When should one use the following: Amazon EC2, Google App Engine, Microsoft Azure and Salesforce.com?
Solution 1:
Good question! As you point out, the different offerings fit into different categories:
EC2 is Infrastructure as a Service; you get VM instances, and do with them as you wish. Rackspace Cloud Servers are more or less the same.
Azure, App Engine, and Salesforce are all Platform as a Service; they offer different levels of integration, though: Azure pretty much lets you run arbitrary background services, while App Engine is oriented around short lived request handler tasks (though it also supports a task queue and scheduled tasks). I'm not terribly familiar with Salesforce's offering, but my understanding is that it's similar to App Engine in some respects, though more specialized for its particular niche.
Cloud offerings that fall under Software as a Service are everything from infrastructure pieces like Amazon's Simple Storage Service and SimpleDB through to complete applications like Fog Creek's hosted FogBugz and, of course, StackExchange.
A good general rule is that the higher level the offering, the less work you'll have to do, but the more specific it is. If you want a bug tracker, using FogBugz is obviously going to be the least work; building one on top of App Engine or Azure is more work, but provides for more versatility, while building one on top of raw VMs like EC2 is even more work (quite a lot more, in fact), but provides for even more versatility. My general advice is to pick the highest level platform that still meets your requirements, and build from there.
Solution 2:
This is an excellent question. Full disclosure as I am partial to Azure but have experience with the others.
Where I think Azure stands out from the others is the quick transition from on prem to the cloud. For example -
- SQL Azure - change connection string, upload DB, go!
- Queues work a lot like MSMQ.
- Blobs are pretty much blobs any way you shake them but they scale like crazy.
- The table storage component is good because it provides incredible scalability for name/value pairs - but takes some getting used to.
- Service Bus is my favorite of the services because it allows for a variety of communications paradigms. Two SB endpoints first try to connect to each other, if they cannot, then they route through the cloud - makes for very secure and scalable processing when firewalls tend to get in the way.

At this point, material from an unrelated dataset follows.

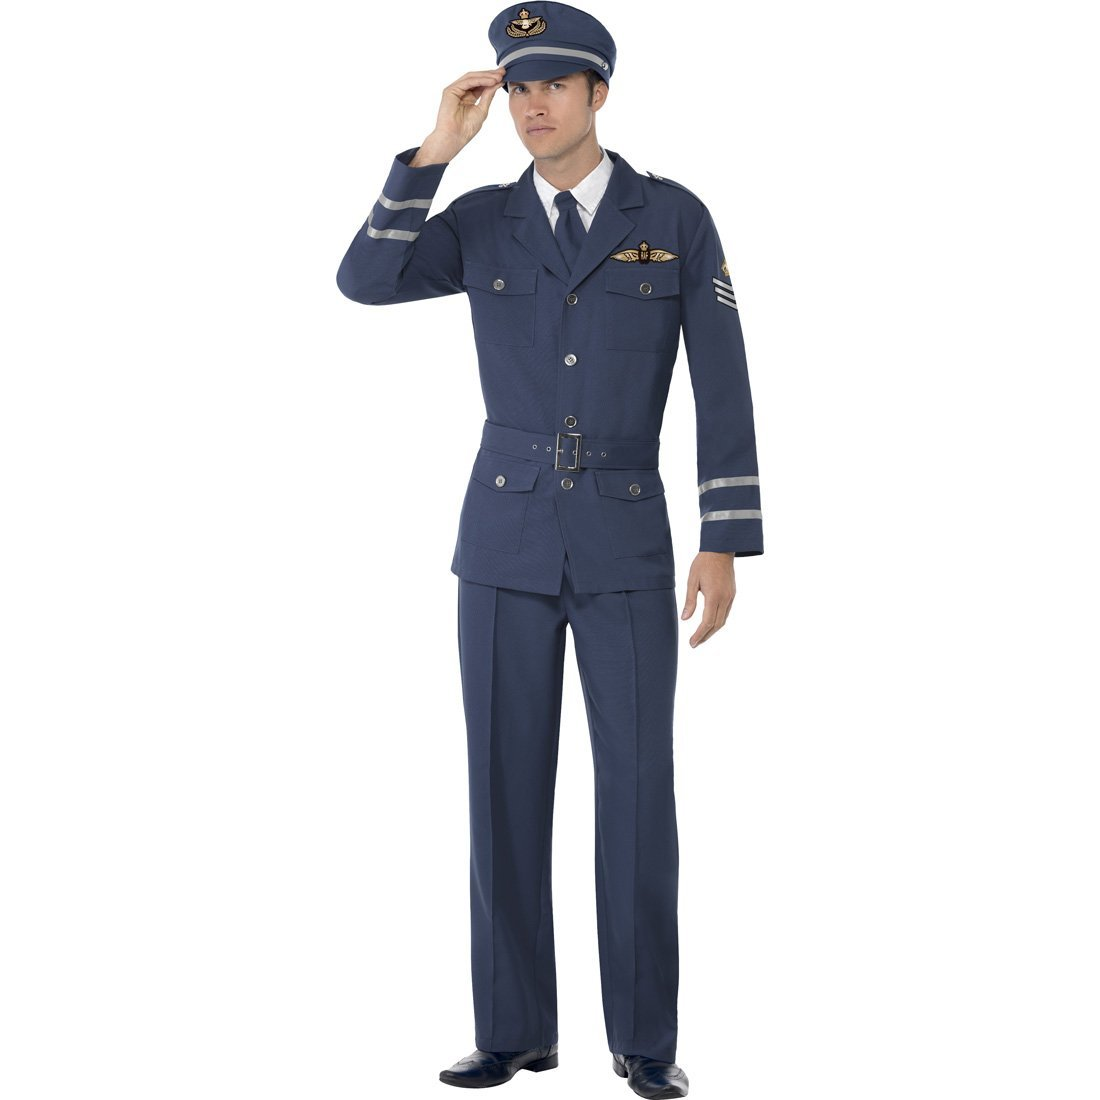 NET TOYS Pilota aereo aviatore Air Force abito uomo capitano maschera

- Access control list - paired typically with the service bus to make sure the right people access the right things - think SAML in the cloud.
I hope that helps!
Solution 3:
My cloud experience is currently limited to Salesforce.com
For standard business operations and automation it provides a significant number of features that allow us to get apps up and running very quickly. We are particularly benefitting from the following:
- Security (Administrators can control access to objects and fields)
- Workflow & Approvals
- Automatic UI generation
- Built in reporting and dashboards
- Entire system (including our custom changes) is accessible via web services
- Ability to make the data in the system available through public sites (e.g. eCommerce)
- Large library of third party apps to solve standard problems
The platform does NOT solve every problem.